[Opening Records to use section]

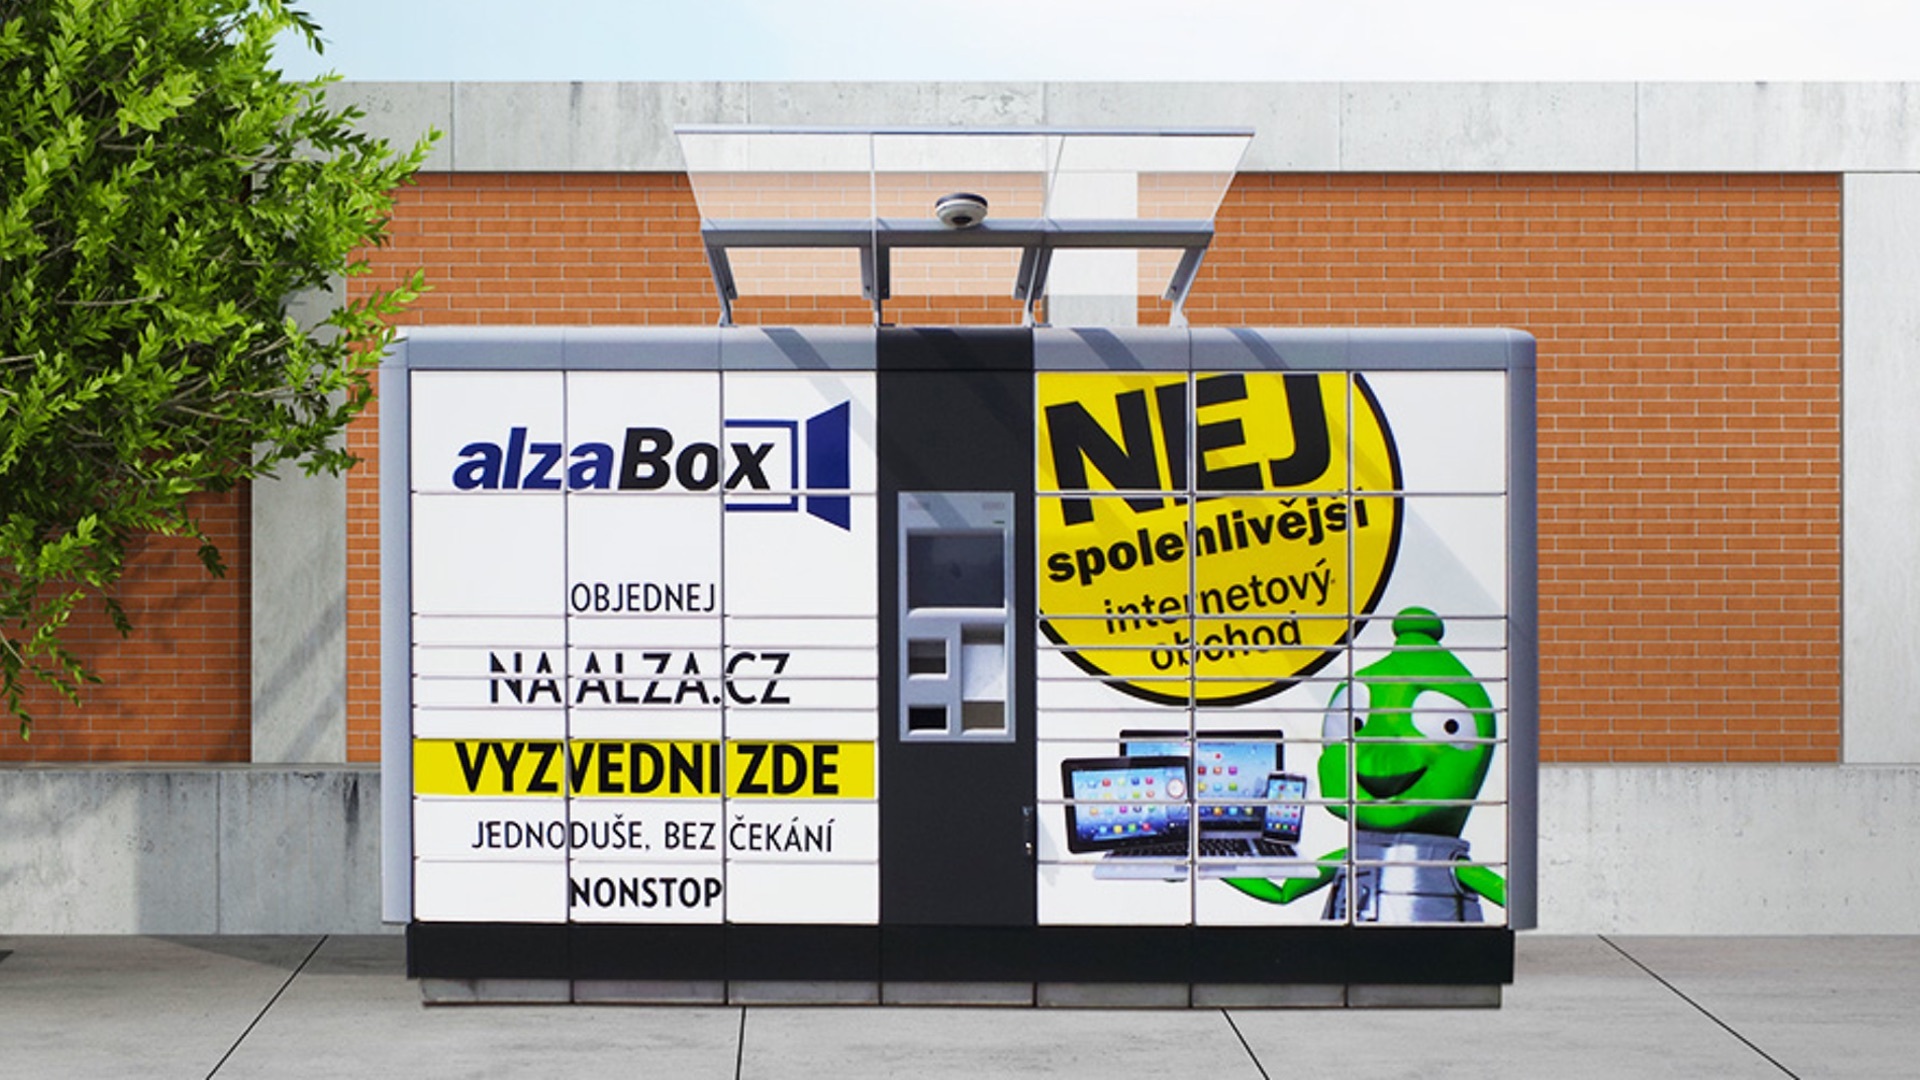 Alza boxy se otevírají tisícům e-shopů a dopravcům díky spolupráci Alza.cz a Balikobot.cz
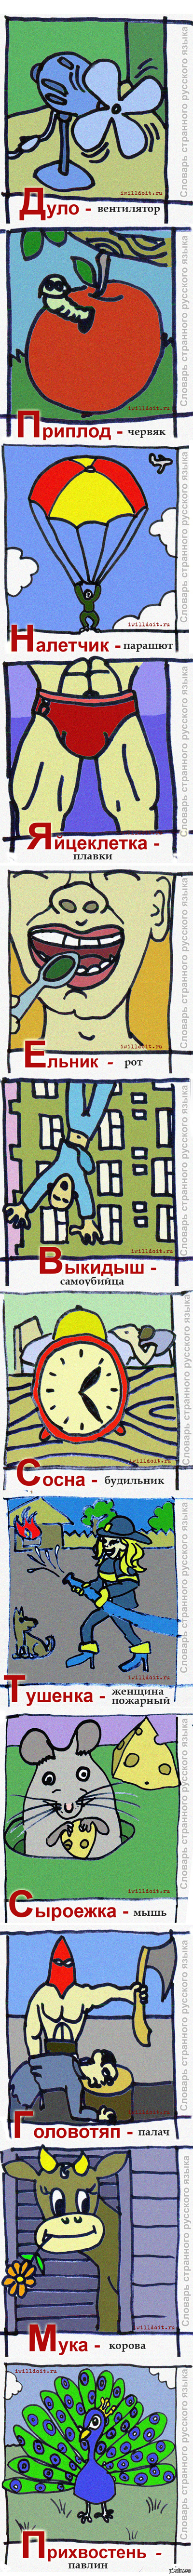    -2   - <a href="http://pikabu.ru/story/slovar_strannogo_russkogo_yazyika_1565498">http://pikabu.ru/story/_1565498</a>
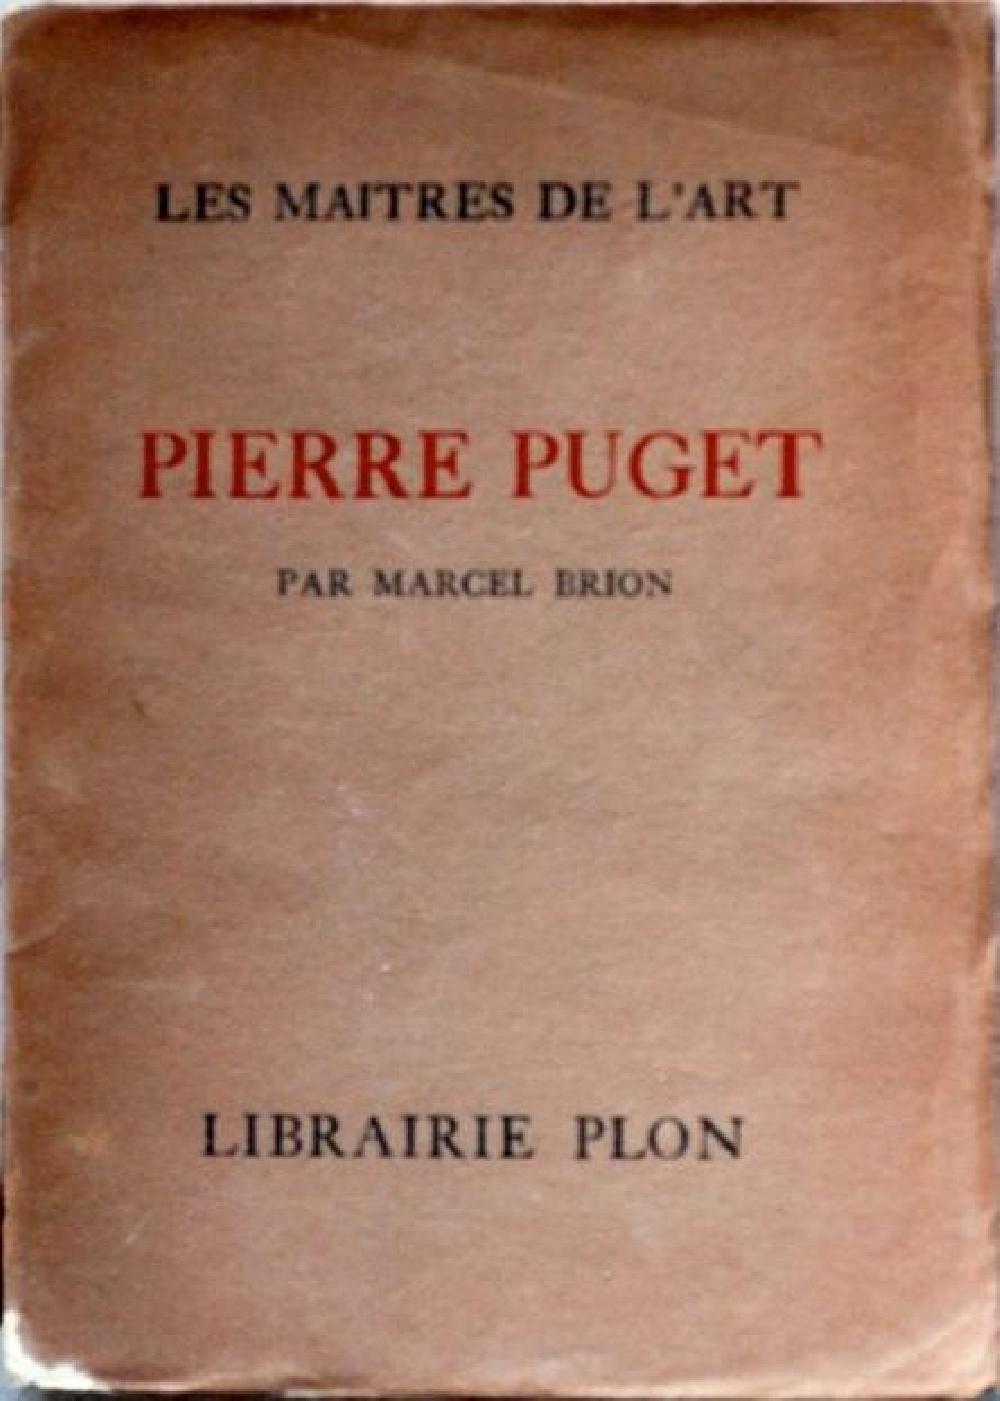 Les maîtres de l'art Pierre Puget
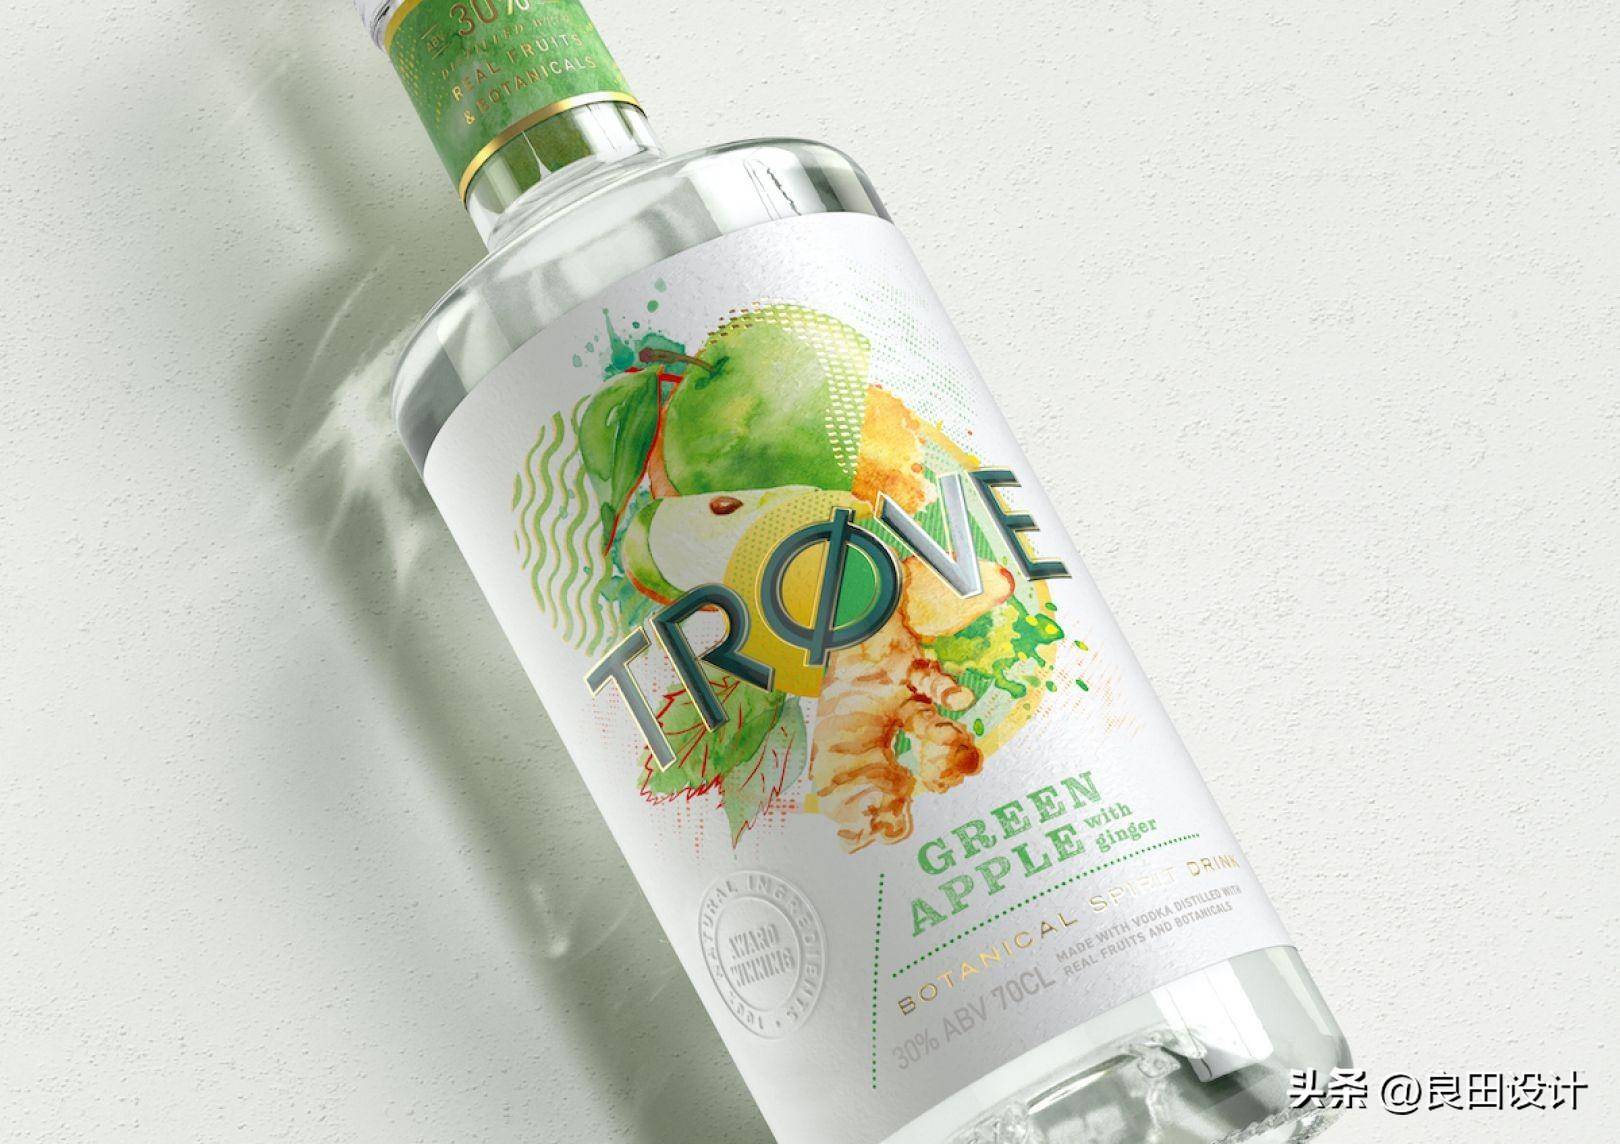 苹果主题插图手绘版:为新的低酒精、低热量烈酒品牌 TRØVE 创作的酒包装设计
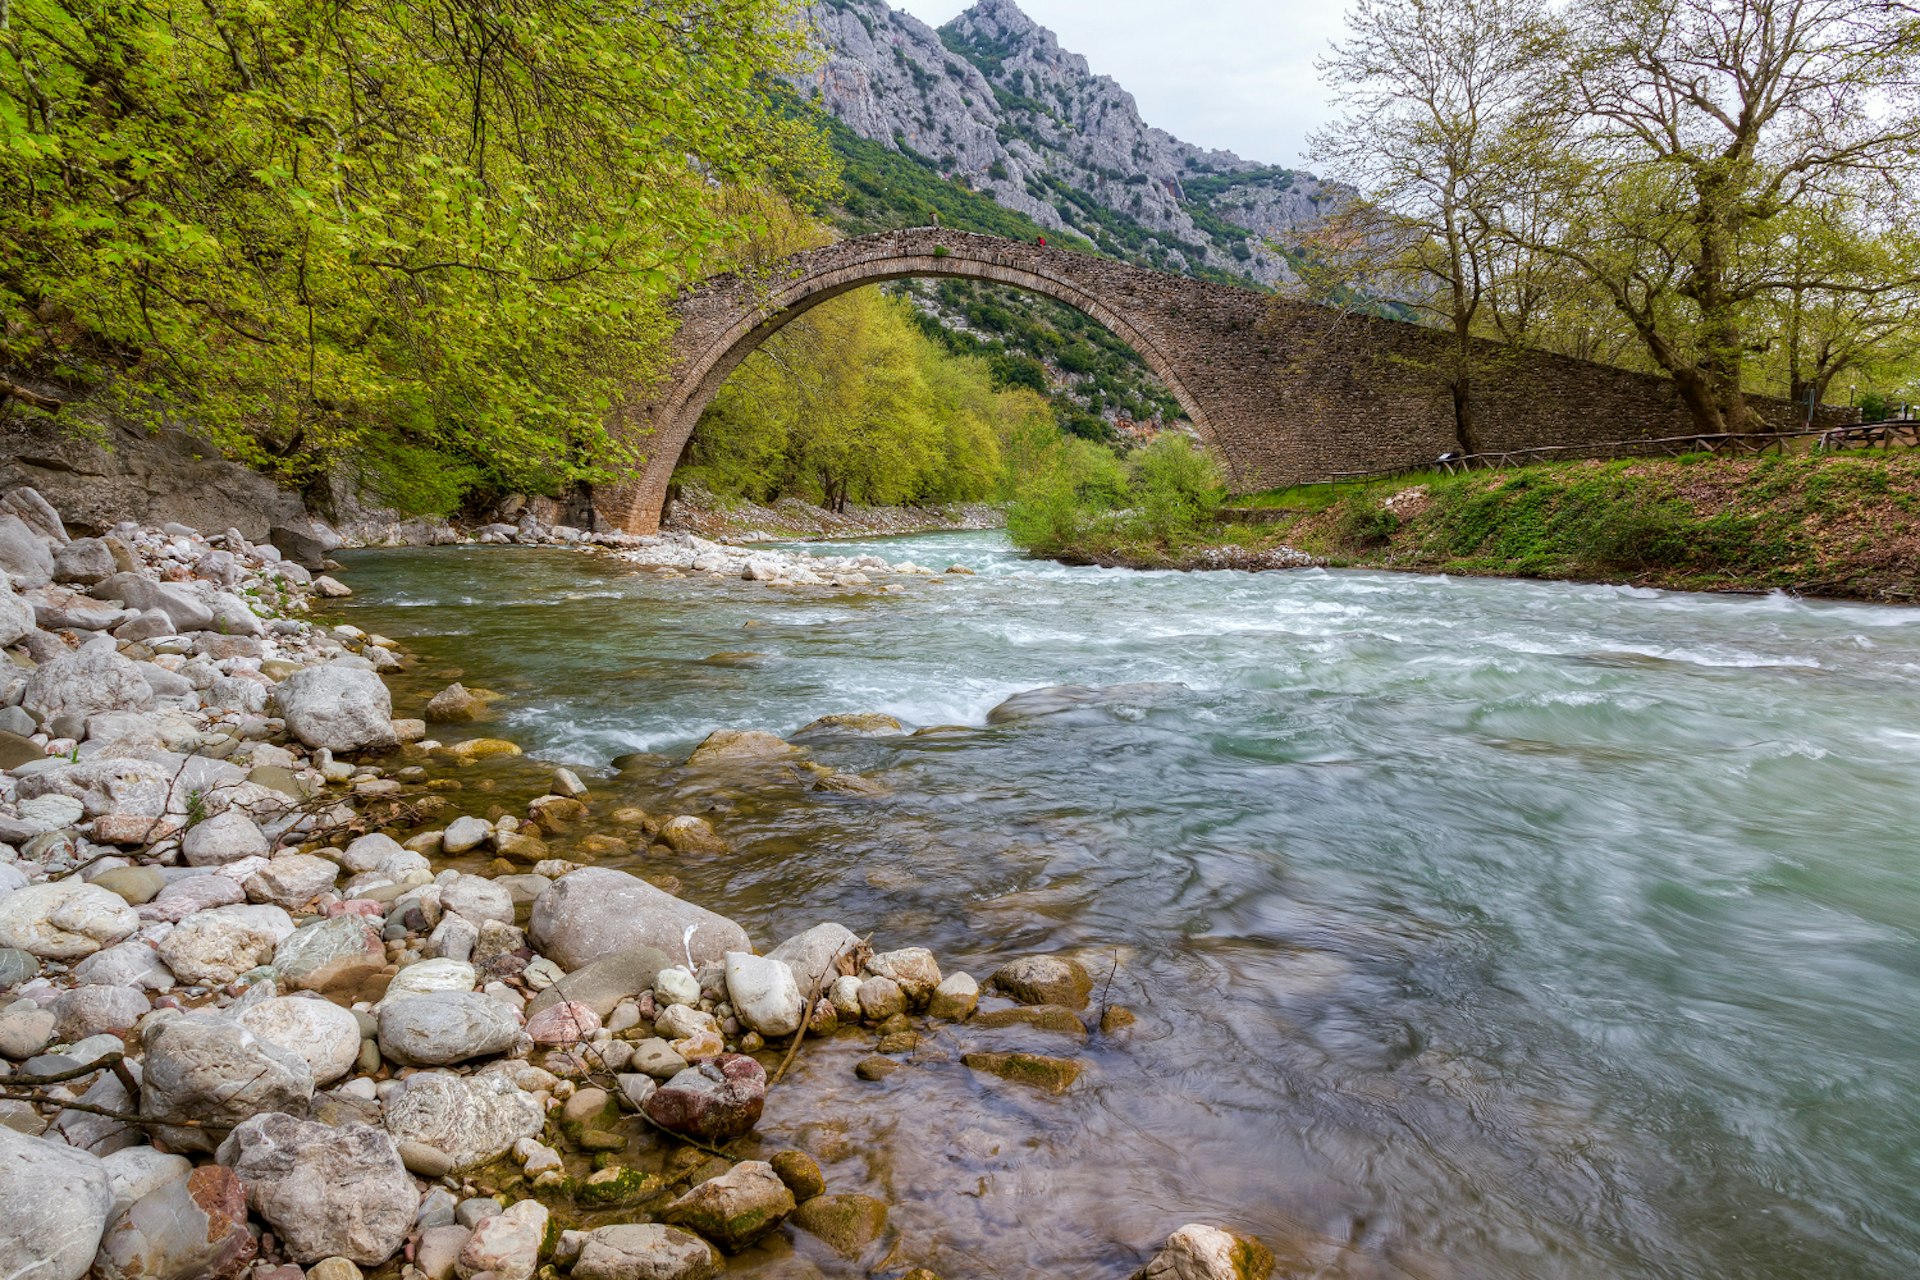 Arched stone bridge of Pyli, Pindos Range © Lefteris Papaulakis / Shutterstock

[Closing Records to use section]

## Exercise description
Only the lines from the one that contains "Les maîtres de l'art Pierre Puget" through the last line of the records may appear in the answer, retyped exactly and with no pictures.

## Answer for the task
 Les maîtres de l'art Pierre Puget
 苹果主题插图手绘版:为新的低酒精、低热量烈酒品牌 TRØVE 创作的酒包装设计
 Arched stone bridge of Pyli, Pindos Range © Lefteris Papaulakis / Shutterstock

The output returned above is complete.